It only takes her ten minutes to walk across to the bar so she’s about ten minutes early by the time she gets there, but that’s alright. She orders a beer and finds a corner to sit in and watches everyone coming in while she takes sips of her drink, hoping that she gets buzzed as opposed to just tired.
Warren arrives precisely on time, and looks about the same as he did in his photos - no better, no worse. He joins her at the table, leaving his jacket over the back of his chair before he goes to the bar to get his own drink.

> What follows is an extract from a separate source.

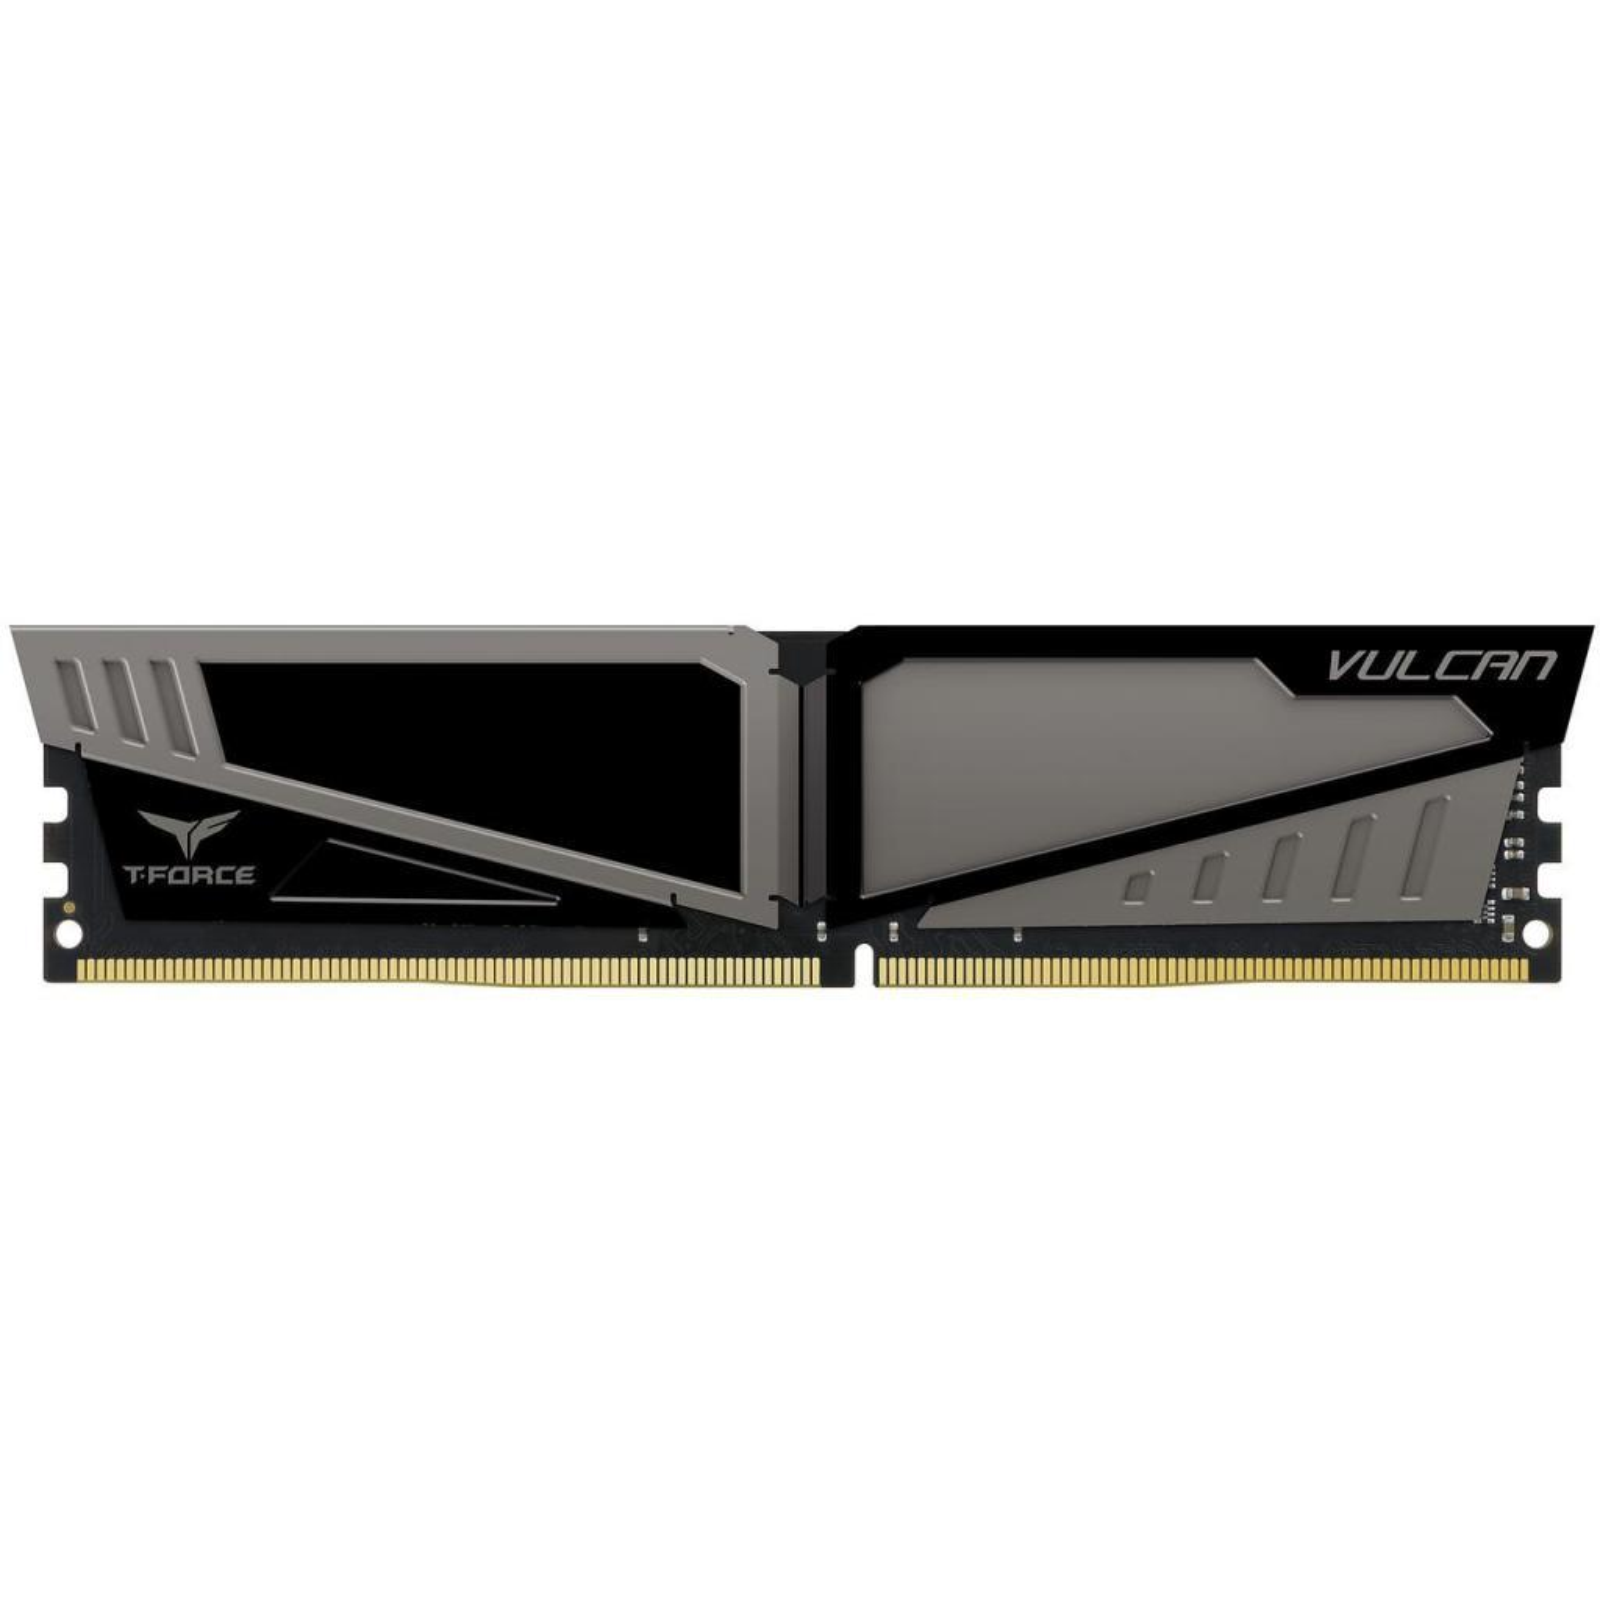 Модуль памяти для компьютера DDR4 8GB 2666 MHz T-Force Vulcan Gray Team (TLGD48G2666HC15B01)

“I ordered some snacks as well, I hope that’s okay,” he says, when he sits back down. “Just chips and dip, but I thought you might be hungry after your shift.”
Samira’s stomach growls as though on cue and she makes a face.
“Just a bit.”
He’s fine, is the thing. He’s polite and funny and not difficult to look at and Samira’s having a nice time, even if she switches to water after the beer, because chips and dip is not enough food for her really to be drinking on. Mostly, she’s tired, and thinking wistfully about her bed and Married At First Sight but that’s not Warren’s fault, and he remembers to ask her questions, as well, and seems genuinely interested in the answers.
He’s the oldest of three, all boys, and his parents are still together - mom’s a realtor, dad works at a garage. He went to college in Pittsburgh and liked it enough to stay here, working as an accountant, and seems genuinely impressed by the fact that Samira’s a doctor.
There’s nothing to dislike about him.
At one point, he excuses himself and gets up to use the bathroom and Samira leans back in her seat, drinking more of her water and wishing again that she was at home. How much longer does she have to stay to be polite? It’s only just gone eight, even though it feels later, and Samira takes another sip of her water. Maybe she should go for something with caffeine instead, but then she’ll never get to sleep tonight.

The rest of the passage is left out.